● YOUR OBJECTIVE: Each line from the one containing "Final Order Made 17 September 2009" to the end of the material below is to be restated exactly, with pictures skipped.

● DATASET CONTENT:
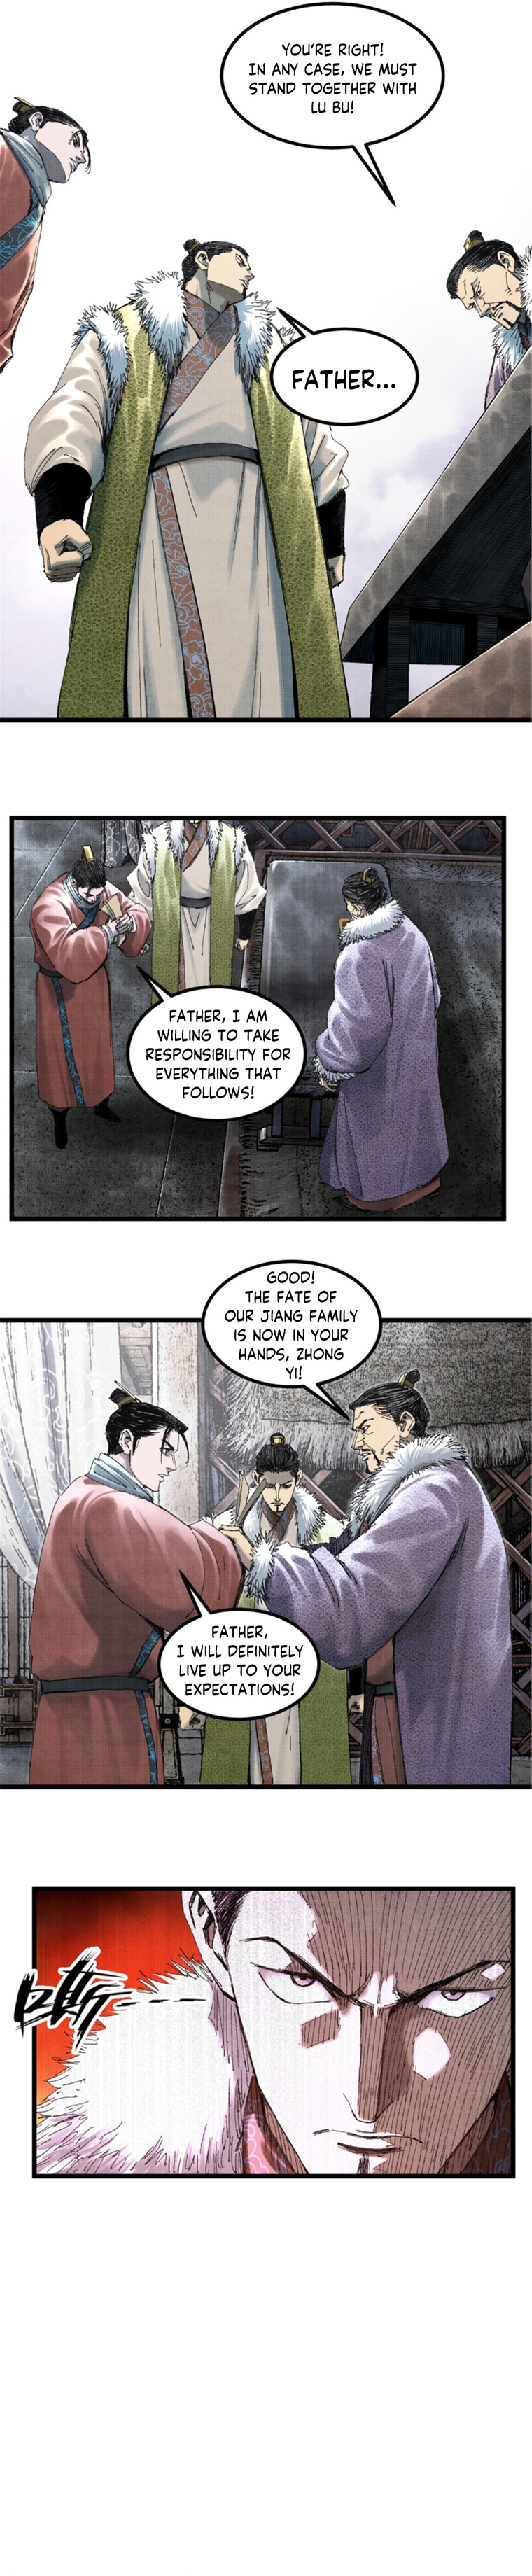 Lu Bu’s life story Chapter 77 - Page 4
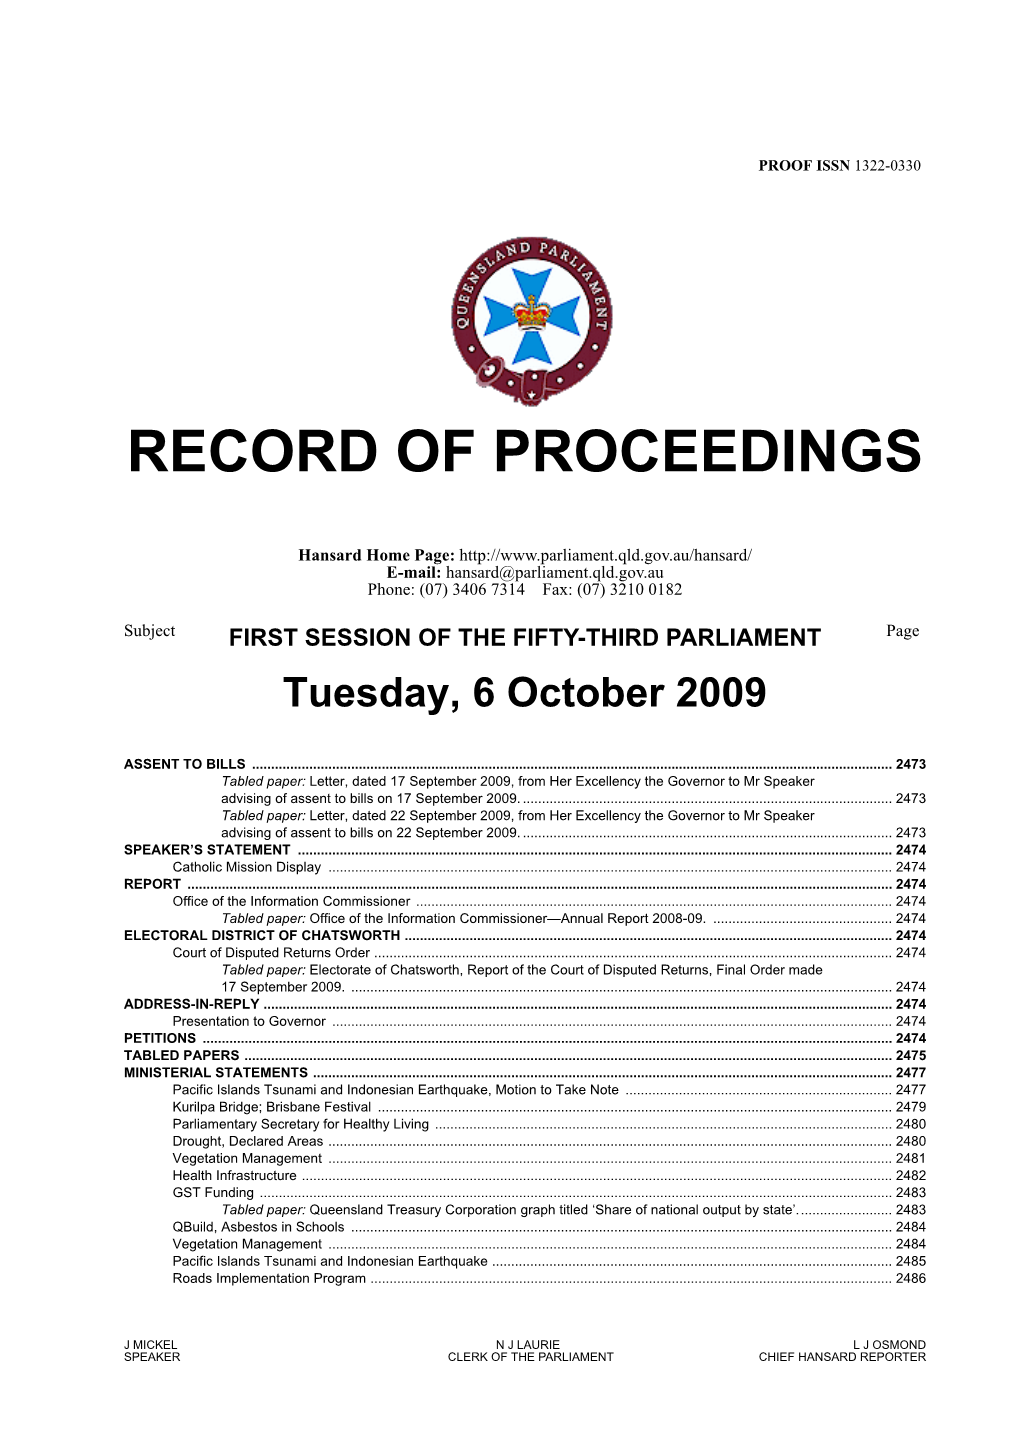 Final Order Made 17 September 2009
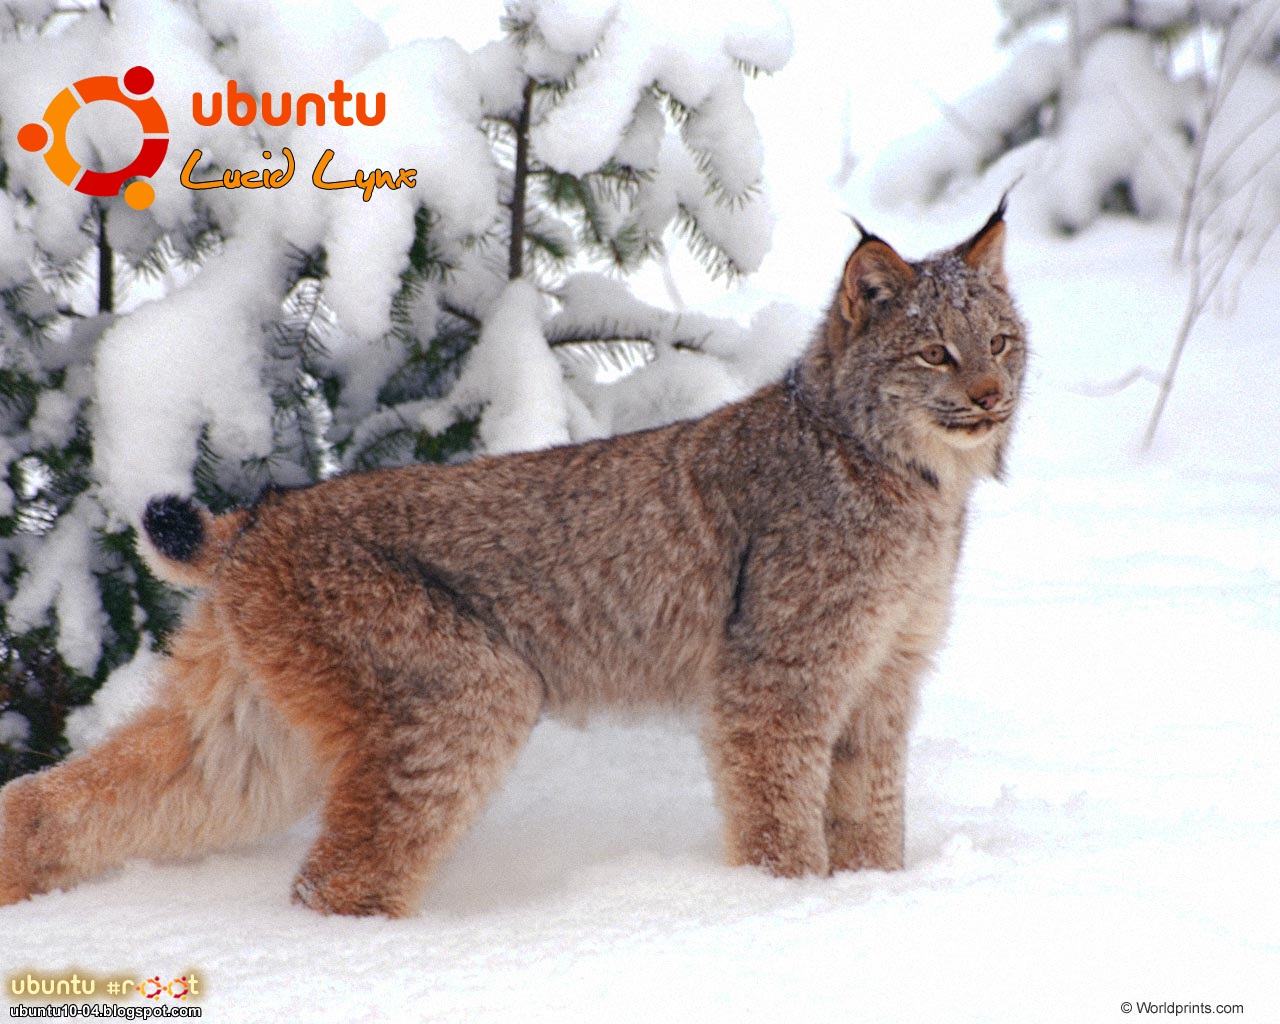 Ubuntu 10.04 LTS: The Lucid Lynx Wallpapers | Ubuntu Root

● ANSWER FOR THE TASK:
 Final Order Made 17 September 2009
 Ubuntu 10.04 LTS: The Lucid Lynx Wallpapers | Ubuntu Root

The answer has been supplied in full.